„LIES!“

Vorstandsmitglied der Abu Bakr Moschee an der HTS

Wie ist das Verhältnis von Glaube und Naturwissenschaften aus muslimischer Sicht zu deuten? Diese Frage kam im Religionsunterricht auf, nachdem das Thema anhand von biblischen Schöpfungstexten aus christlicher Perspektive beleuchtet wurde. Frau Latifa Kaddouri, ein Vorstandsmitglied der Abu Bakr Moschee Frankfurt, kam als Referentin an die Hochtaunusschule. Auftakt ihres Vortrages war eine Einführung in die Haltung, mit der der Koran studiert werden soll: Die Eröffnung des Koran, die im Deutschen mit „Lies“ wiedergegeben wird, fordert zur lebenslangen Auseinandersetzung mit der göttlichen Offenbarung auf. Das Wort hat im Arabischen eine große Bedeutungsspanne: lesen, hinterfragen, verstehen, interpretieren. Diese Haltung kann die Richtung für die Beantwortung der Eingangsfrage vorgeben.

90 Minuten lang folgten die Teilnehmenden voll konzentriert den Informationen. Frau Kaddouri hat zentrale Aussagen über die Schöpfung vorgestellt. Der Islam glaubt an Gott als alleinigen Schöpfer: „Er ist es, der die Himmel und die Erde erschaffen hat und was dazwischen ist.“ (Sure 25:29) Zu dem, was zwischen den Himmeln und der Erde ist, gehört auch das Wissen. Es wurde von Gott erschaffen und Menschen haben Zugang dazu. Je mehr ein Mensch weiß, desto mehr kann er die perfekte Schöpfung Gottes bewundern.

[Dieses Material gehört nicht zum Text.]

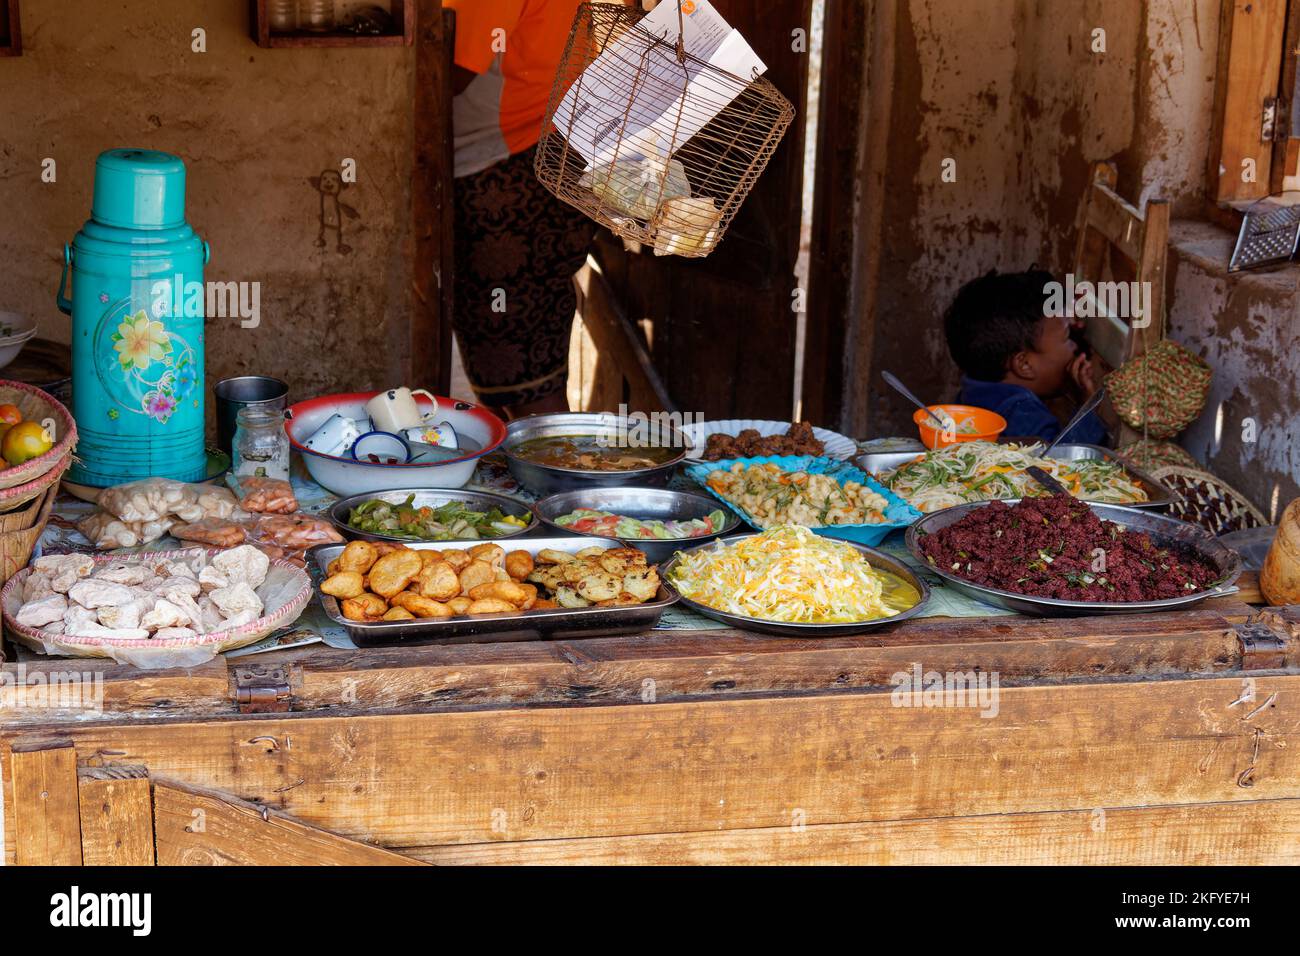 Street food stall dans le village malgache à Madagascar, fast food shop avec repas. Vue typique de la rue à Madagascar. Banque D'Images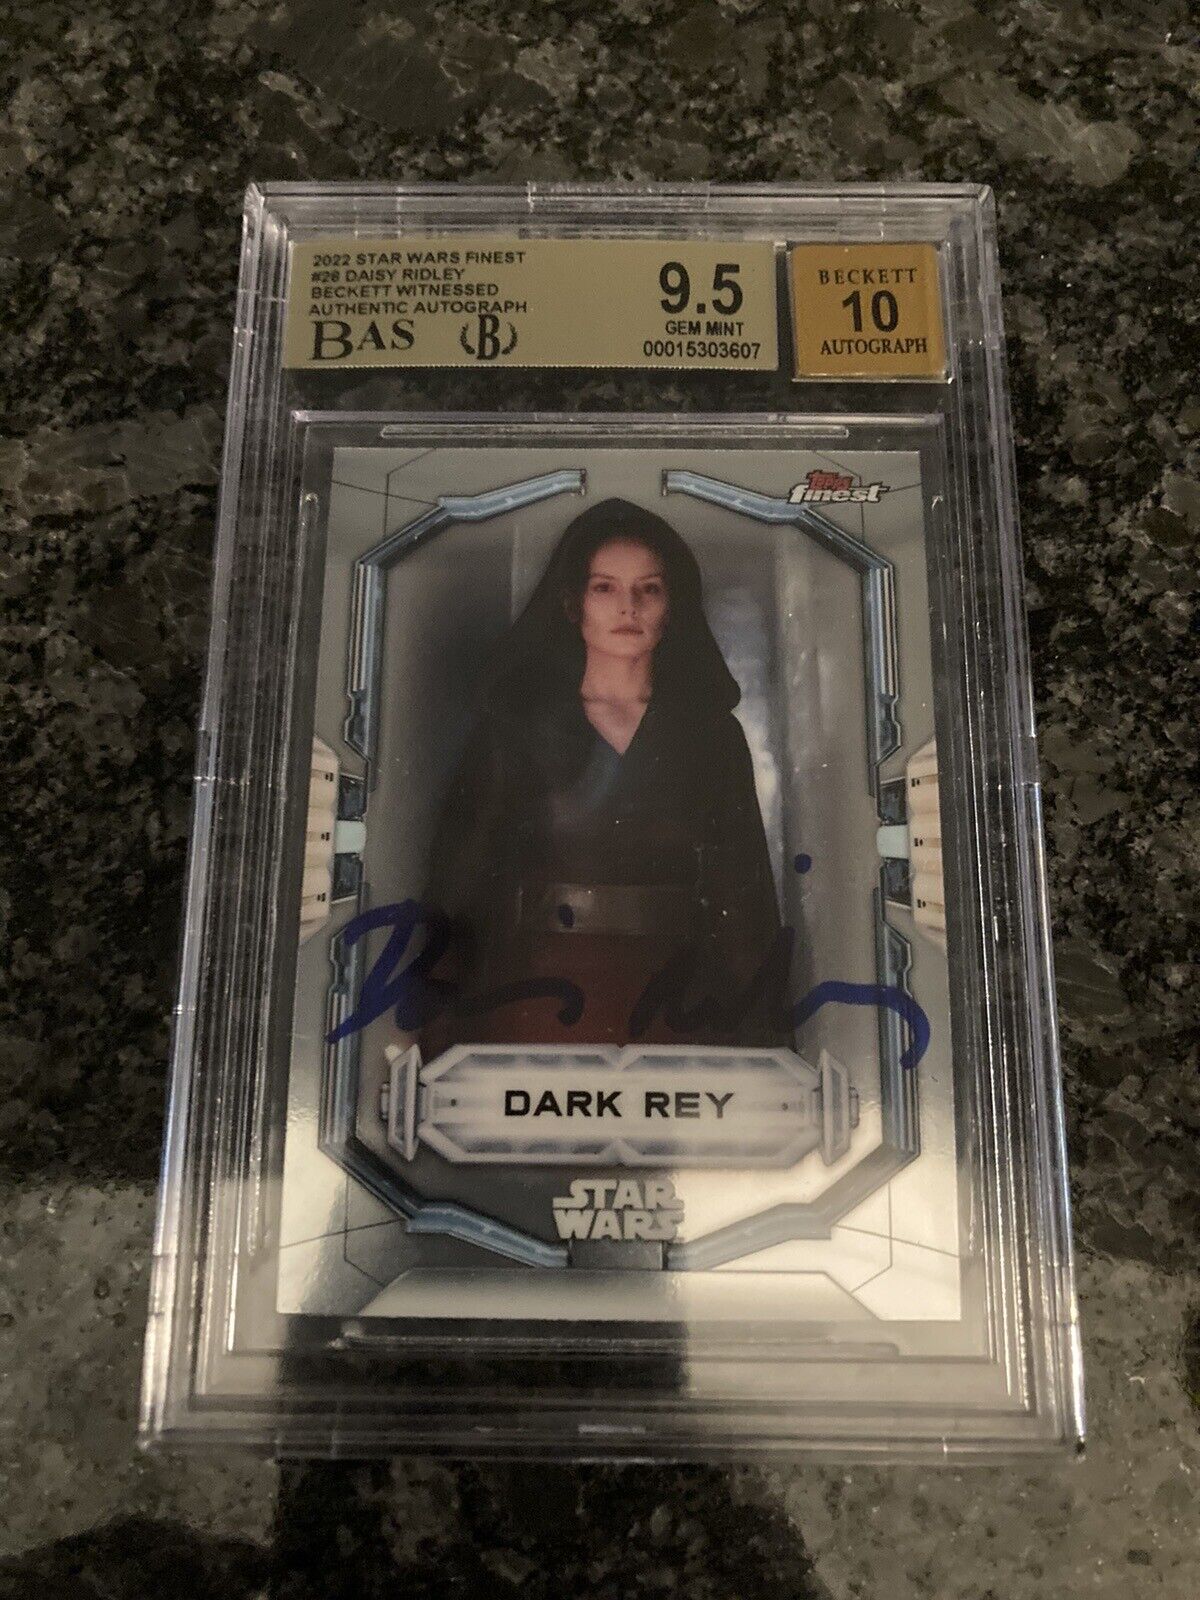 2022 Star Wars Finest #28 Dark Rey Daisy Ridley Autograph Beckett Witnessed 10

An vielen Stellen ergaben sich Fragen, die angeregt diskutiert wurden. Frau Kaddouri hat den Zuhörenden das Menschenbild des Islam nahegebracht. Sie erklärte, dass nur Gott in das Herz blicken kann und es deshalb den Menschen untersagt ist, andere zu beurteilen. Auch sind alle Menschen gleich, keiner darf sich über einen anderen stellen. Deshalb ist es streng verboten, über das Leben eines anderen zu entscheiden. In diesem Zusammenhang brannten den Teilnehmer*innen Fragen zum Dschihad und zum religiösen Extremismus auf den Nägeln. Als studierte Soziologin stellte Frau Kaddouri einen Zusammenhang zwischen Extremismus und den Lebensbedingungen in zerfallenden Staaten her. Das Wort „Dschihad“ bezeichnet die Anstrengungen, die ein Mensch unternimmt, um zu Gott zu kommen. Damit darf unter keinen Umständen Gewaltausübung legitimiert werden. Religion wird oft als Vorwand für das Durchsetzen anderer Interessen missbraucht. Ein Schüler mit afghanischen Wurzeln stellte den Extremismus in seinem Heimatland als Folge der katastrophalen Bildungslage dar: Menschen, die nicht Lesen und Schreiben können, tun und glauben, was ihnen gesagt wird. Sie haben keine Möglichkeit, extreme Glaubenslehren zu prüfen oder zu hinterfragen.